Add a tiering specific README document to the toplevel
Add a README that details setup steps and notes for running and evaluating
the tiering specific features present in this branch.
Signed-off-by: Vishal Verma <vishal.l.verma@intel.com>
diff --git a/README-tiering.txt b/README-tiering.txt
new file mode 100644
index 0000000..ebd5c26
--- /dev/null
+++ b/README-tiering.txt
@@ -0,0 +1,122 @@
+0. Introduction
+===============
+
+This document describes the software setup steps and usage hints that can be
+helpful in setting up a system to use tiered memory for evaluation.
+
+The document will go over:
+1. Any kernel config options required to enable the tiered memory features
+2. Any additional userspace tooling required, and related instructions
+3. Any post-boot setup for configurable or tunable knobs
+
+Note:
+Any instructions/settings described here may be tailored to the branch this
+is under. Setup steps may change from release to release, and for each
+release branch, the setup document accompanying that branch should be
+consulted.
+
+1. Kernel build and configuration
+=================================
+
+a. The recommended starting point is a distro-default kernel config. We
+ use and recommend using a recent Fedora config for a starting point.
+
+b. Ensure the following:
+ CONFIG_DEV_DAX_KMEM=m
+ CONFIG_MEMORY_HOTPLUG_DEFAULT_ONLINE=n
+ NUMA_BALANCING=y
+
+
+2. Tooling setup
+================
+
+a. Install 'ndctl' and 'daxctl' from your distro, or from upstream:
+ https://github.com/pmem/ndctl
+ This may especially be required if the distro version of daxctl
+ is not new enough to support the daxctl reconfigure-device command[1]
+
+ [1]: https://pmem.io/ndctl/daxctl-reconfigure-device.html
+
+b. Assuming that persistent memory devices are the next demotion tier
+ for system memory, perform the following steps to allow a pmem device
+ to be hot-plugged system RAM:
+
+ First, convert 'fsdax' namespace(s) to 'devdax':
+ ndctl create-namespace -fe namespaceX.Y -m devdax
+
+c. Reconfigure 'daxctl' devices to system-ram using the kmem facility:
+ daxctl reconfigure-device -m system-ram daxX.Y.
+
+ The JSON emitted at this step contains the 'target_node' for this
+ hotplugged memory. This is the memory-only NUMA node where this
+ memory appears, and can be used explicitly with normal libnuma/numactl
+ techniques.
+
+d. Ensure the newly created NUMA nodes for the hotplugged memory are in
+ ZONE_MOVABLE. The JSON from daxctl in the above step should indicate
+ this with a 'movable: true' attribute. Based on the distribution, there
+ may be udev rules that interfere with memory onlining. They may race to
+ online memory into ZONE_NORMAL rather than movable. If this is the case,
+ find and disable any such udev rules.
+
+3. Post boot setup
+==================
+
+a. Setup migration targets
+ # echo 2 > /sys/devices/system/node/node0/migration_path
+ # echo 3 > /sys/devices/system/node/node1/migration_path
+ etc.
+ The number of nodes this will need to be performed for depends
+ on CPU nodes in the system, and CPU-less nodes added in the previous step.

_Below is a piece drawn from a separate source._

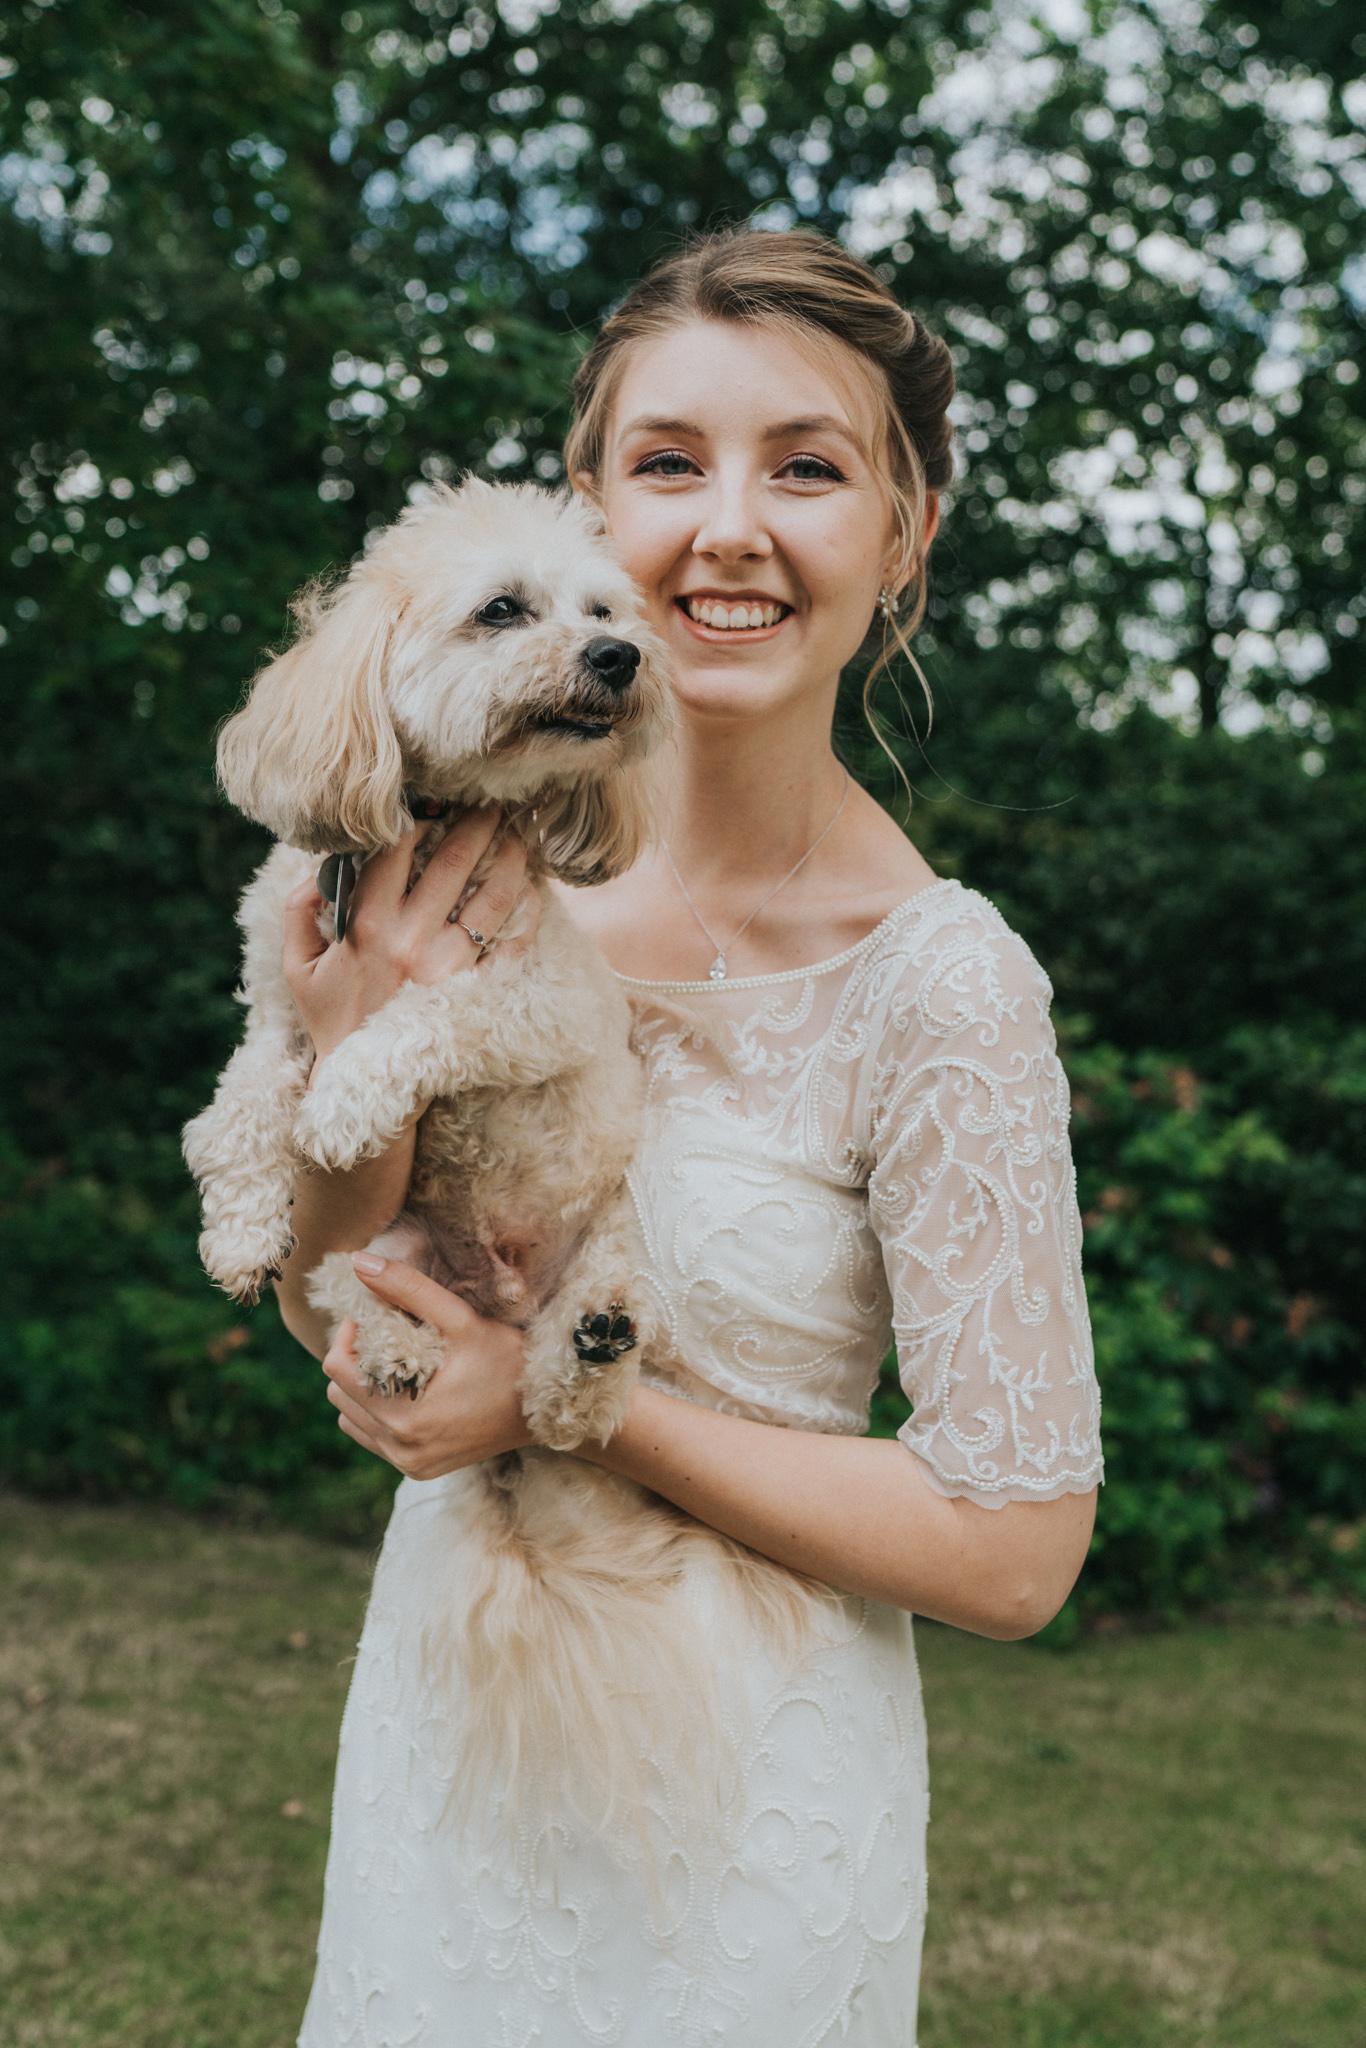 Jess-and-Tom-Norfolk-Alternative-Wedding-Essex-Wedding-Photographer-Grace-Elizabeth-9.jpg
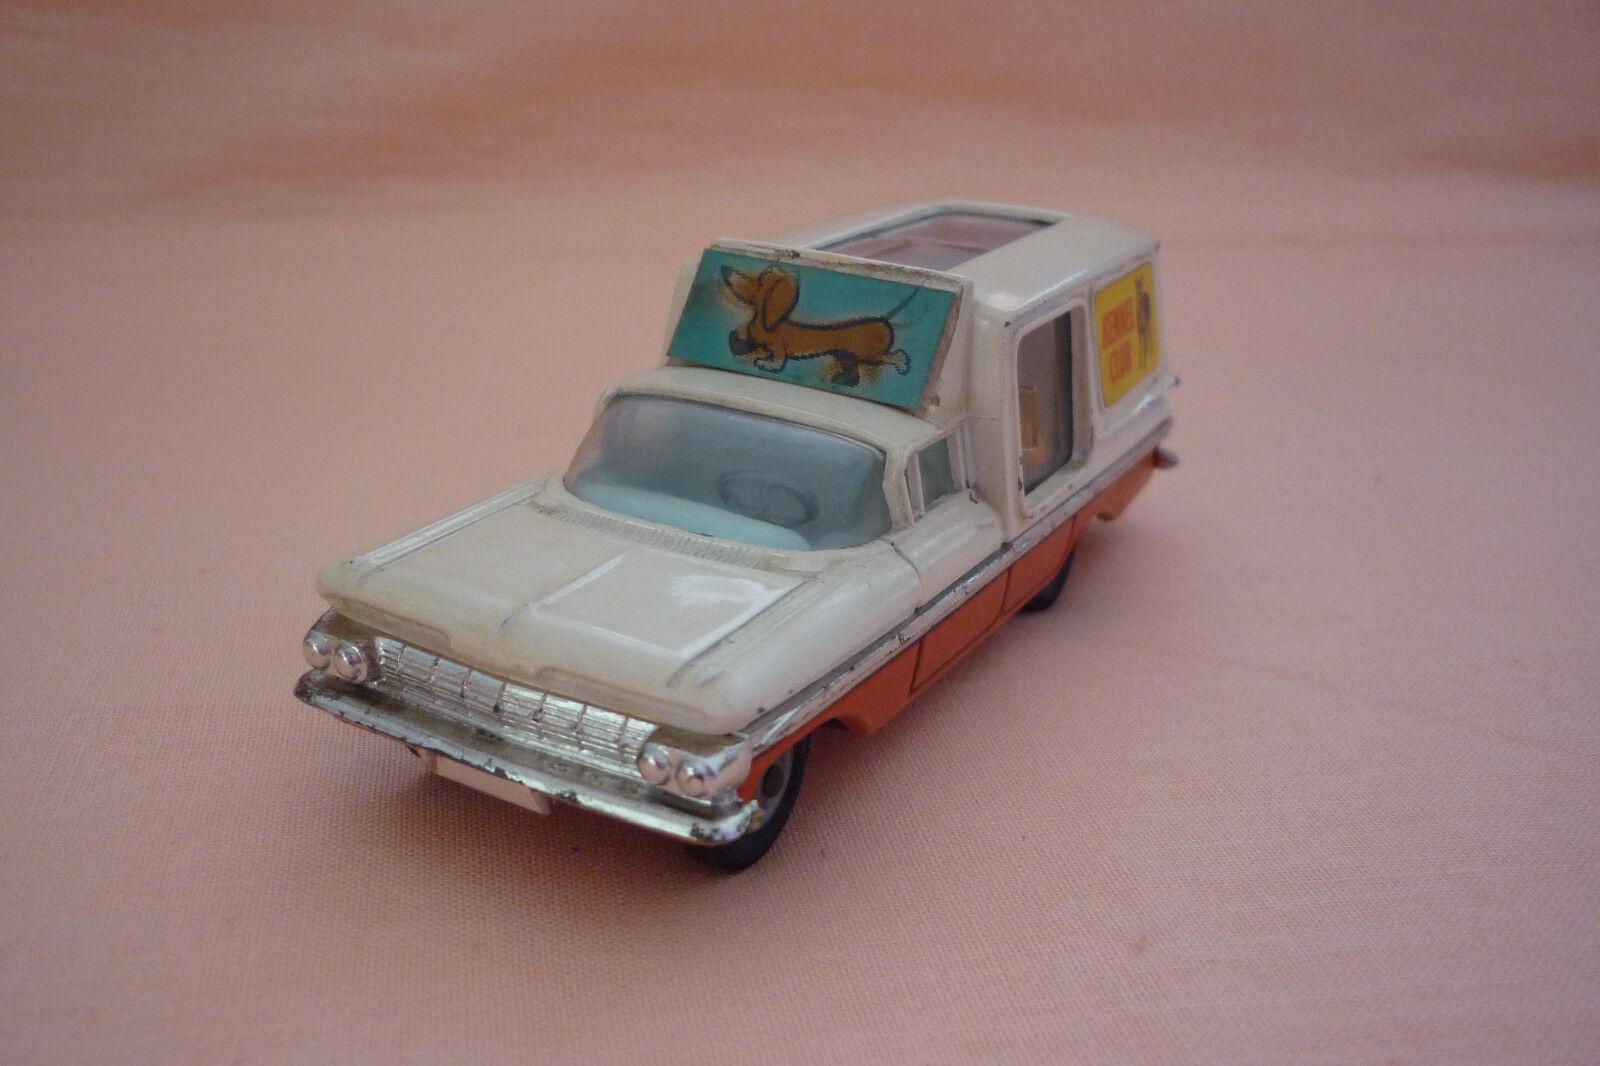 Corgi Toys-Vintage Metal Model-Chevrolet Impala-Kennel Club -

+ In this example, The hotplugged pmem physically attached to node0 is node2,
+ so the demotion path is node0 -> node2
+
+b. Enable 'autonuma'
+ # echo 2 > /proc/sys/kernel/numa_balancing
+ # echo 30 > /proc/sys/kernel/numa_balancing_rate_limit_mbps
+
+c. Enable swapcache promotion
+ This is only valid when swap is turned on. When the option is enabled, it
+ will migrate the hot swapcache page to fast DRAM node when possible.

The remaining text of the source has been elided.